OkiHeadDoctor's photo
Thu 01/17/13 10:48 PM
Edited by OkiHeadDoctor on Thu 01/17/13 10:50 PM


It seems to me all men want is sex!The amount of men iv,e had that just want sex! well i want more than that!


All we want from women is sex. Everything else we can do for ourselves.

Why can't women do for themselves? We're all equal, right? Why do women want or need relationships?


You Scoundrel = that's deep and I agree! Apologies for the tangent, but I have pondered this for many moons. Men & women are equal, right? Then why... I digress.
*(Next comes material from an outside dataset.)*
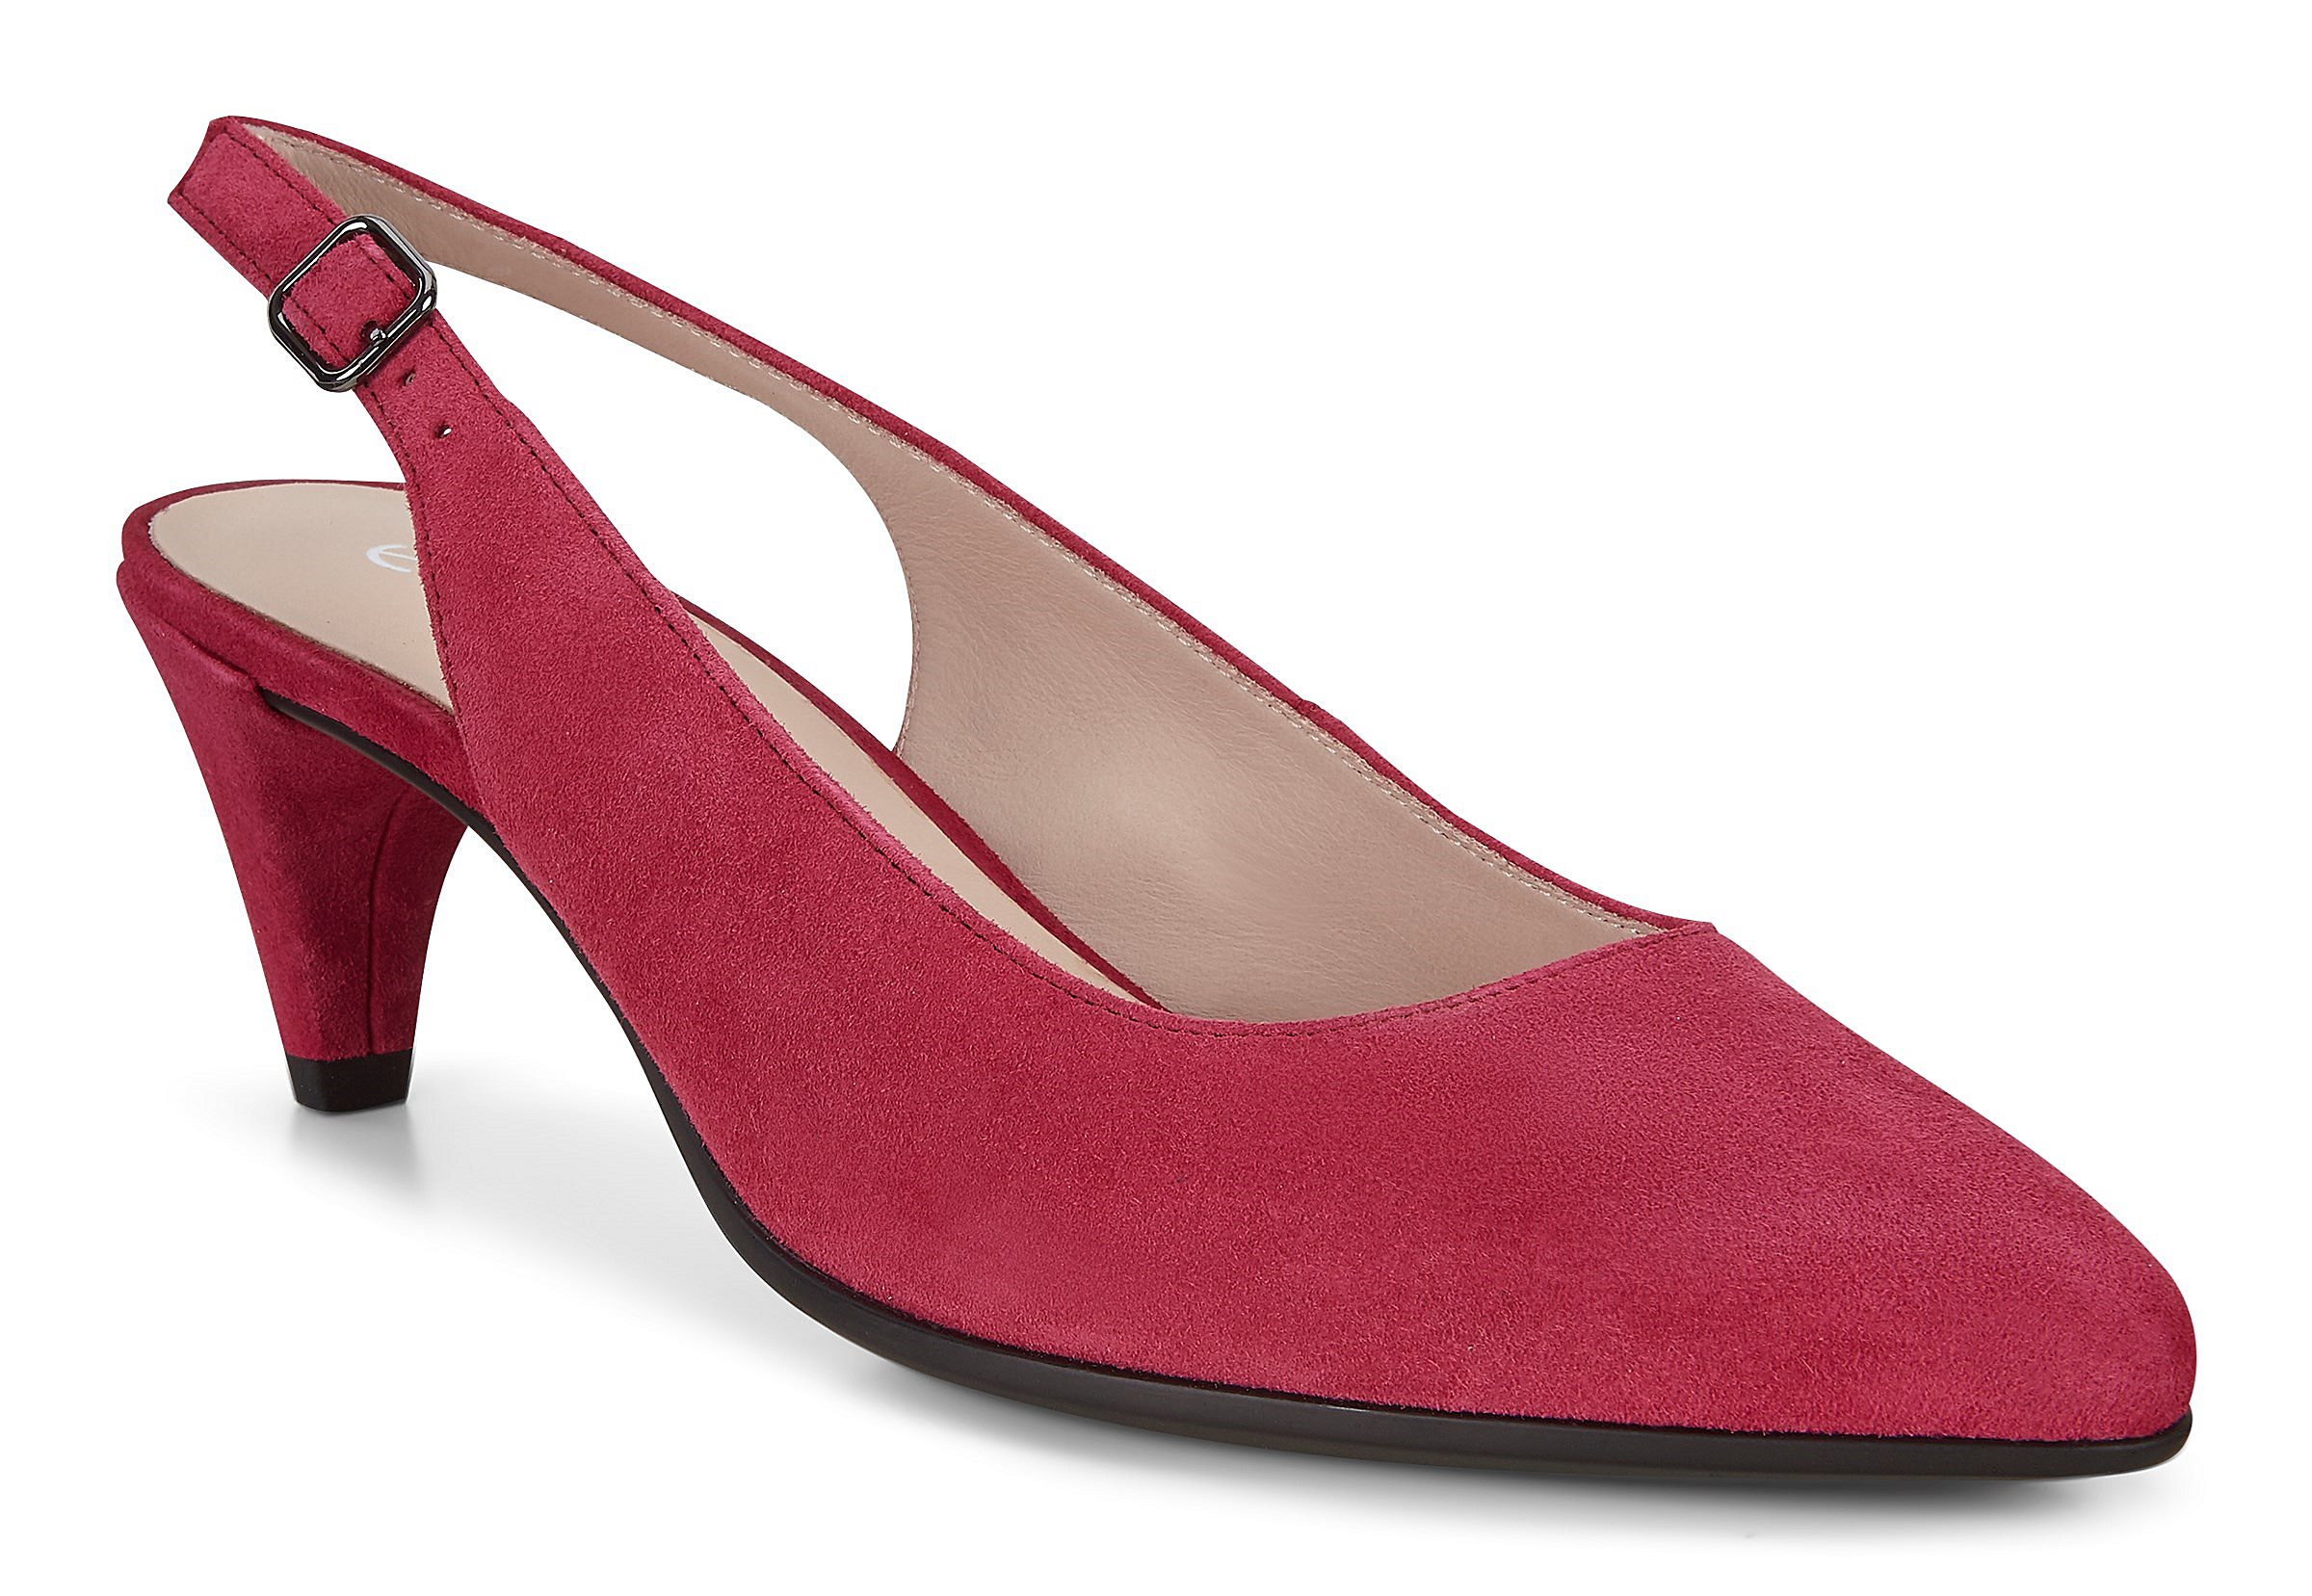 o 5 Sneaker Dames Ecco Soft Zwart V f Brekelmans Schoenen

Everyone have a quick read of Why Men Want Sex and Women Need Love by Barbera & Allan Pease. You won't agree with every word, but it'll make you think! I agree with most of the concepts and apologize if I think of you bent over when I first see you. Only after this crappy marriage do I look for more than window-dressing or the promise of of some good, wet lovin. I am a tad-bit wiser now, and do NOT think with the little head too much...

Jtevans's photo
Thu 01/17/13 10:51 PM

It seems to me all men want is sex!The amount of men iv,e had that just want sex! well i want more than that!



not just sex.we want a woman to cook for us too!

OkiHeadDoctor's photo
Thu 01/17/13 10:55 PM

I don't always want sex.
A BJ every once in a while will suffice.smokin


Right on time! It was starting to get all tense up in here. I too would love more insight into the minds of folks. Generally speaking, I am relatively happy, but some good sex and the occasional thrilling conversation would make life near perfect.

TawtStrat's photo
Fri 01/18/13 03:48 AM
I think that people like Tex basically don't want to get emotionally involved and it's as simple as that. He thinks that the sex is the good bit and everything else is just a hassle. Well, it can be a hassle and you can get hurt but even when your girlfriend is giving you grief and being a massive pain that's real passion.

You say that you don't go with hookers because what gets you off is giving women pleasure. Well, you can please a woman in many ways apart from just satisfying her in bed. That doesn't mean that relationships should be all about pandering to them and being a doormat that they can walk all over.

uncajimmy's photo
Fri 01/18/13 03:59 AM


It seems to me all men want is sex!The amount of men iv,e had that just want sex! well i want more than that!